I’ll never forget, I used to say, “Why do we have to get up at 5:00 in the morning?” The sergeant says, “To beat the enemy.” I says, “I don’t want to beat him. I’ll get up when they do.”
We had a wonderful outfit I was with. We had one guy that was an expert in gas. He was the cook.
When I was taking my basic training in Camp Roberts, we were on this bivouac. And I’m standing out in the middle of this field, and the lieutenant yells to me, “Skelton! Get out of the middle of the field! You want to get killed?” I says, “What?” He says, “We’re simulating that the enemy is on the top of that hill!” I says, “Oh, they’ll never get me, sir. I’m simulating I’m behind a big rock.”
did you notice the new TV shows are all about funny wars? I served 22 months in the military and I never realized how much fun I was having! (Hobo a Go-Go)
Women in the Army
But you know, when I look at some women, I think of great battles that have been fought. You know, didja ever stop to think of Gina Lollobrigida – Bunker Hill! Sophia Loren and Audry Hepburn – The Merrimack and The Monitor! Kate Smith – the Battle of the Bulge! Phyllis Diller …. Valley Forge. Barbara Streisand – the Little Bighorn!
Can you just see Phyllis Diller in the Army? Wouldn’t that be something? She’d scare the enemy to death! They’d think, “Look, they got a new deadly weapon! It’s charged with electricity — it must be, look at the hair standing on the end.”
And can you just see some of the guys up in the front line, and all of a sudden they hear, “Oh …. oh … oh!” And they guy says, “I’m gonna crawl over and see what that is.” He comes back, they says, “What was it?” He says, “An eight pound boy.”
Oh, they drafted some women, see, three women, and they took them in to give them crew haircuts. And they start screaming, “No, not my hair, not my beautiful hair! We just came back from the hair dresser, oh my hair …”. And on further examination, they found out they were three men … three men draft dodgers!

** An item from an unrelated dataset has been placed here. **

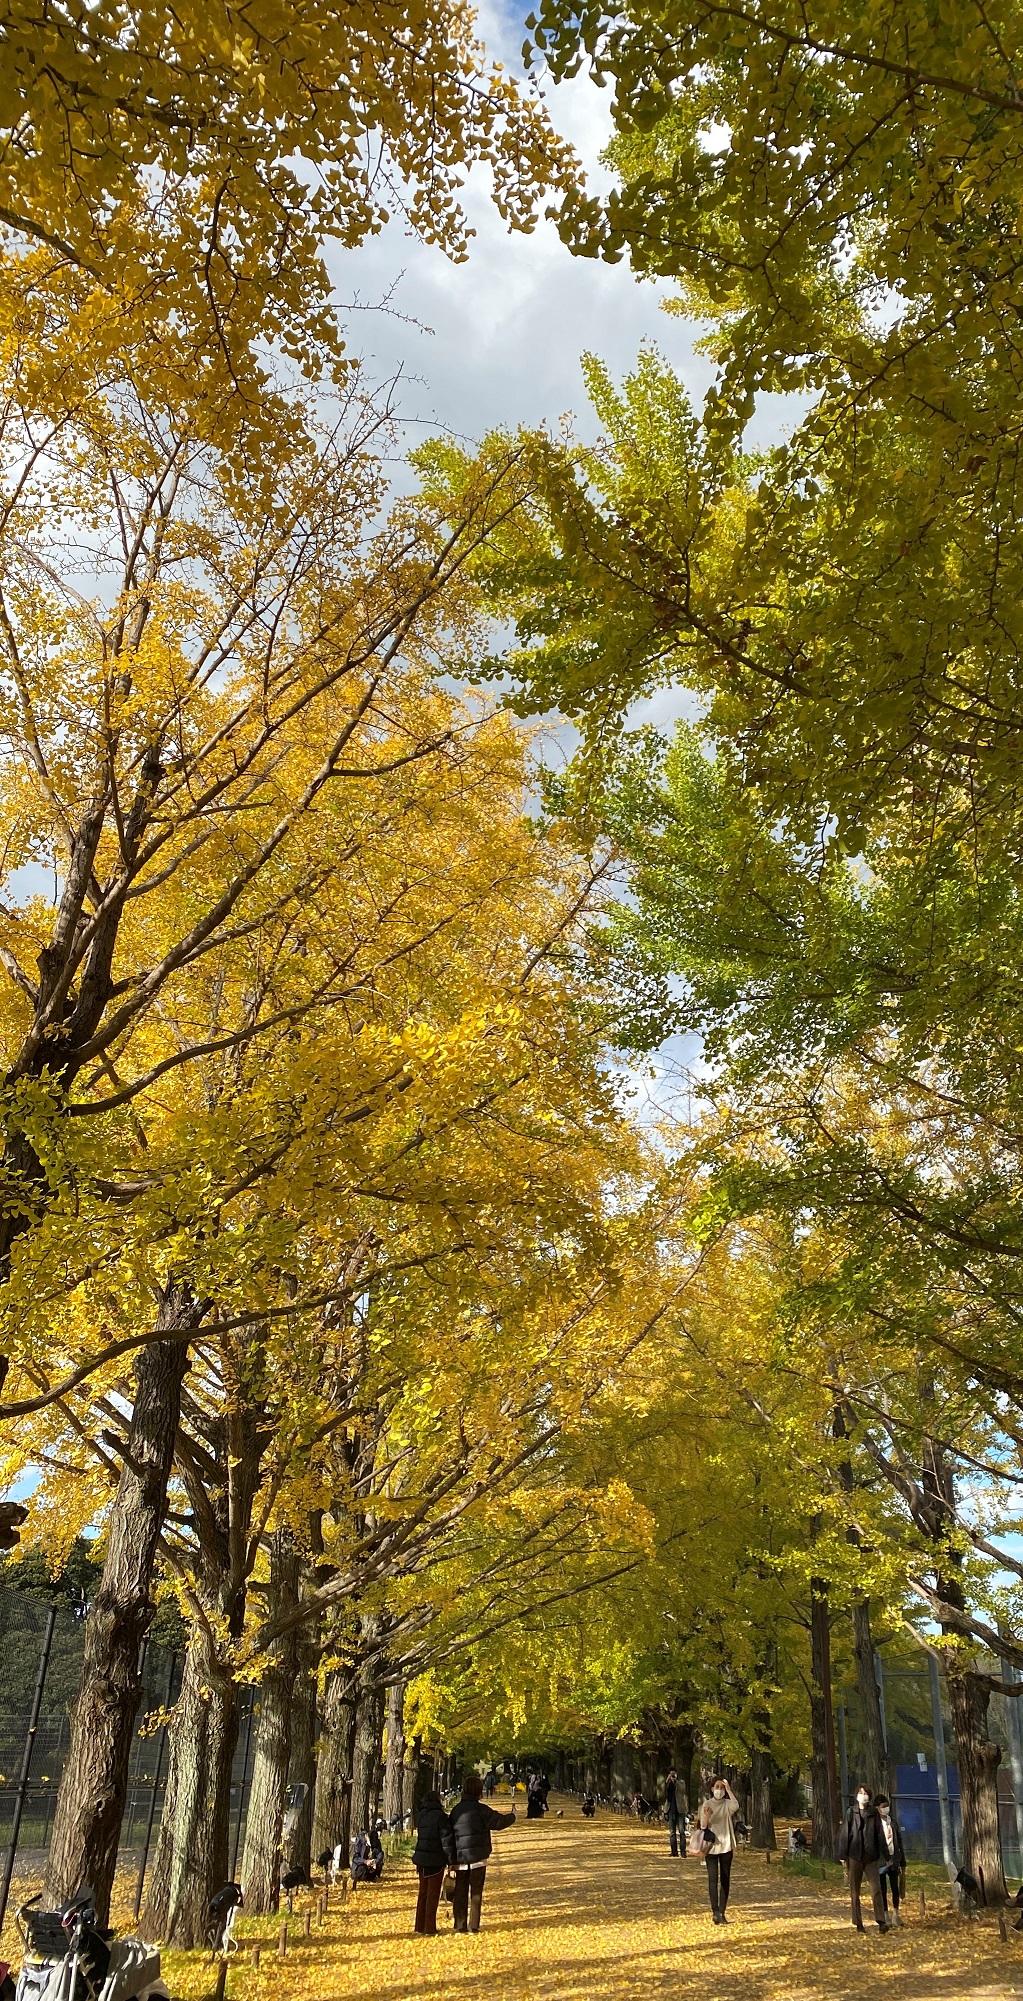 かたらいのイチョウ並木-国営昭和記念公園-立川市-東京
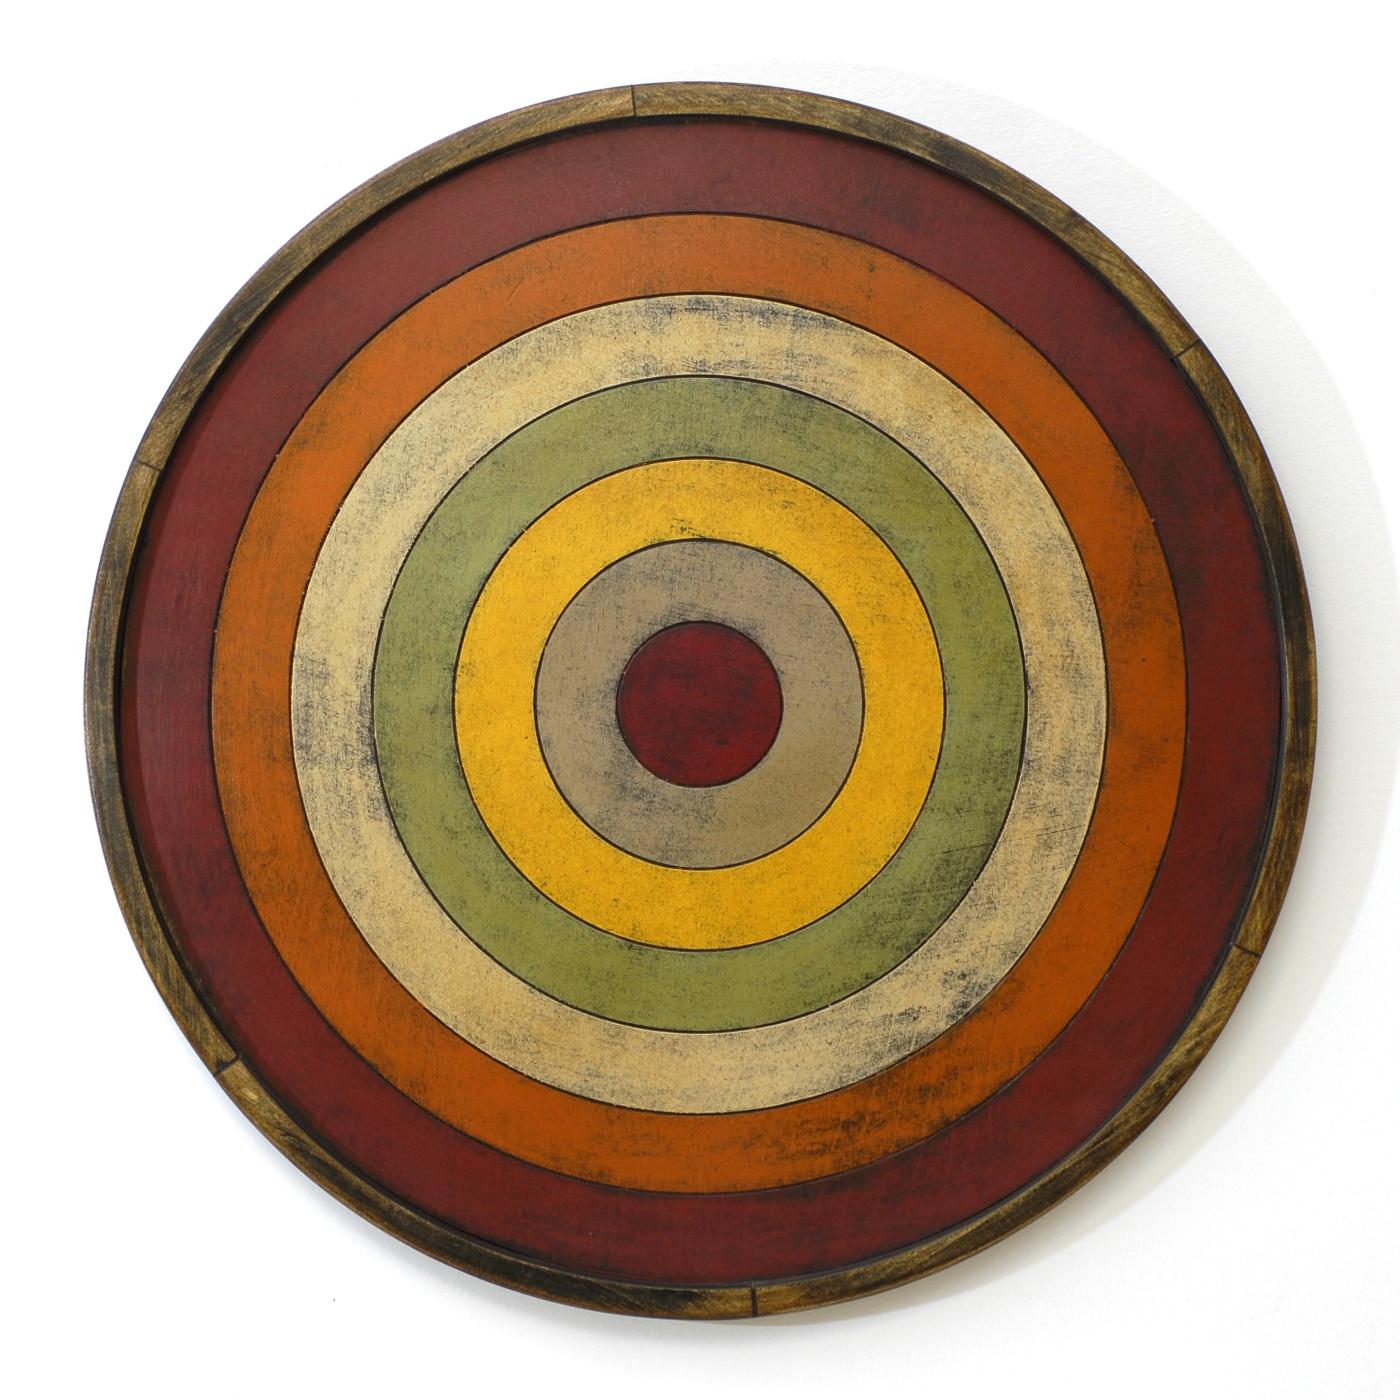 Bulls Eye Dart Board

Hey, when I was in the Army, they had girl soldiers. I remember they had one beautiful blonde WAC. She came up to me, she said, “I just got a weekend pass, how about us doing something really exciting?” I said, “Okay, let’s go down on Main Street and watch the parking meters expire.” And she says, “They call me a whack!”
Hey, you know when I was in the Army, I was up at Camp Roberts doing my basic training, and one day there was an officer came out of the Red Cross field house there, see, I didn’t know who the guy was. So he walked right by me, he says, “Just a moment, private. I saw you didn’t salute me.” I says, “Well, I didn’t know I was supposed to. I saw you coming, thought you was a field worker.” He says, “A field worker! Do you see those three stars on my shoulder? You know what that means?” I said, “You got three boys in the service?”
I went into the Army for three reasons myself: I was patriotic, I love freedom, and they come and got me!
There was one guy I was gonna tell you about up in Camp Roberts. He would walk around all the time, and every time he sees a piece of paper he’d look at it, say “That ain’t it”, find another piece of paper, “that ain’t it”. Every time he sees a little piece of paper, “that ain’t it.” So one day, a general came by and saw this guy, says, “He’s nutty, he’s a fruitcake, they’ve got to get him out of here.” So they take him up, they give him his discharge papers. He looked at it, he said, “That’s it!”
Induction Center
Hey, but when you go down …. Anybody going to be drafted into the Army or the Navy? When you get to that induction center, boy, don’t clown around. I did, they gave me one of those little cards that you put over one eye, and I said, “Peekaboo!” He says, “No, 1-A.”
I walked into the Induction center, and they said, “Look what the wind blew in.” It’s not the wind, it’s the draft!
Psychiatrists in the Army
Did you hear the story about the two psychiatrists out play golf? And one of them missed the putt, about three feet, see, and he says, “Aw, nuts.” The other guy says, “Let’s not talk shop.”
And the questions they ask the little guys when they go into the service. Like, they said there’s one little fella going into the Navy, he says, “Do you know how to swim?” He says, “Why? Are they running out of boats?”